Blaze News chats with doctor who says Texas kids' hospital continued gender-care program even after promising to 'pause' it

This week, Blaze News spoke with Dr. Eithan Haim, a board-eligible general surgeon working in a small town near Dallas who claims that Texas Children's Hospital in Houston, the largest children's hospital in the country, continued mutilating kids' bodies through so-called "gender-affirming care" even after telling the public that its gender program had been placed on "pause."

From 2018 until last June, Dr. Haim was completing his surgical residency at a number of Houston-area hospitals, including TCH. Beginning in late 2021, Haim began to suspect the hospital had a secret clinical program for children who may or may not suffer from gender dysphoria. Though Haim had heard about transgender clinics for kids in places like California and Washington, he had no notion that one could exist in Texas, let alone at a hospital where he was working.

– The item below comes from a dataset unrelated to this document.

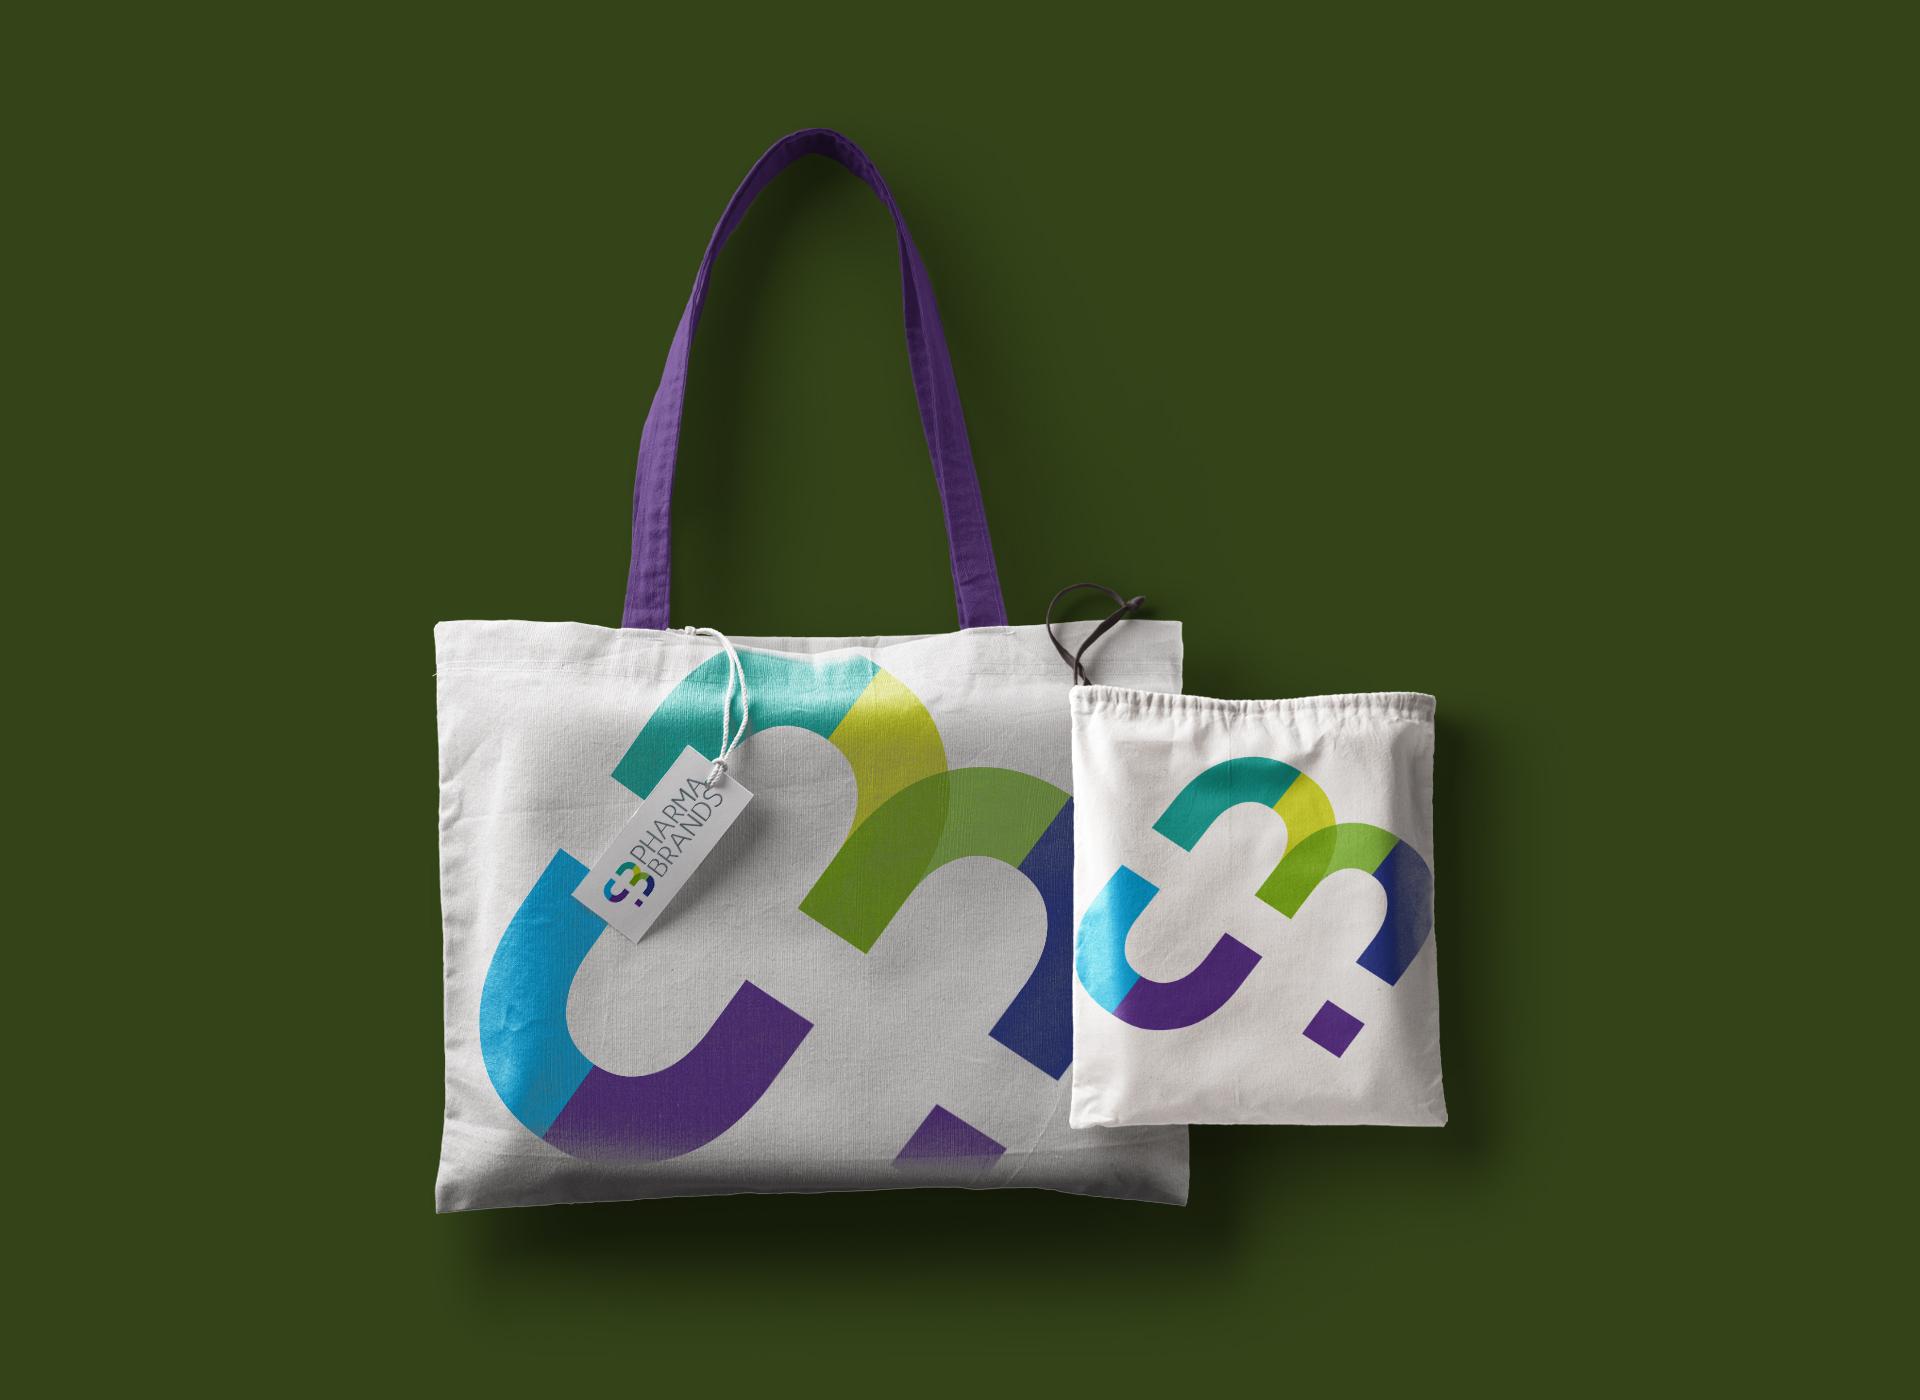 pharma brands bags portofoliu inoveo

It seems Haim was right to be suspicious. In March 2022, Texas Children's Hospital announced that it had "paused hormone-related prescription therapies for gender-affirming services" in response to recent statements from Texas AG Ken Paxton and Texas Gov. Greg Abbott, both Republicans. A few weeks earlier, Paxton had called transgender treatments on minors a form of child "abuse" that "must be halted."

"This step was taken to safeguard our healthcare professionals and impacted families from potential criminal legal ramifications," said the hospital statement.

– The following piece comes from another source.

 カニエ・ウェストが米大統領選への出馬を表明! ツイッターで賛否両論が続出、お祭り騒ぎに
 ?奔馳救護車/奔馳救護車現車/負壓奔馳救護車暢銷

"The mission of Texas Children’s Hospital is to create a healthier future for all children, including transgender children, within the bounds of the law."

Despite this assurance, minor patients continued to receive hormone blockers and to undergo gender-related surgery throughout 2022 and even into 2023, Haim told Blaze News, and it appears that hospital staff and administrators did not even try to hide the ongoing program. According to Haim, in January 2023 alone, transgender program directors were given the chance to feature their work during a Grand Rounds lecture to the TCH department of pediatrics, and a panel organized by students at Baylor College of Medicine, which is affiliated with TCH, held a publicly accessible Zoom conference about gender "care" for minors.

"Directors of a program that supposedly did not even exist ... were given the most prestigious opportunities to speak in the hospital," Haim said, "where they were having Zoom conferences with medical students, and they [would] talk about how they were running this really active clinic ... so that all these kids could be seen and how they could be screened for being transgender behind parents' back."

At that point, Haim said he could not longer keep silent.

"This is all for something that has no basis in medical reality," Haim told us. "I knew that I couldn't live with myself if I didn't do something about it."

Haim said he then spent months reaching out to a number of journalists to share his story but got almost nowhere until he connected with notable anti-woke crusader Christopher Rufo. On May 16, 2023 — just one day before the Texas Senate passed SB 14 banning transgender procedures on kids — Rufo helped Haim anonymously reveal his accusations against Texas Children's Hospital with an article published in the Manhattan Institute's City Journal.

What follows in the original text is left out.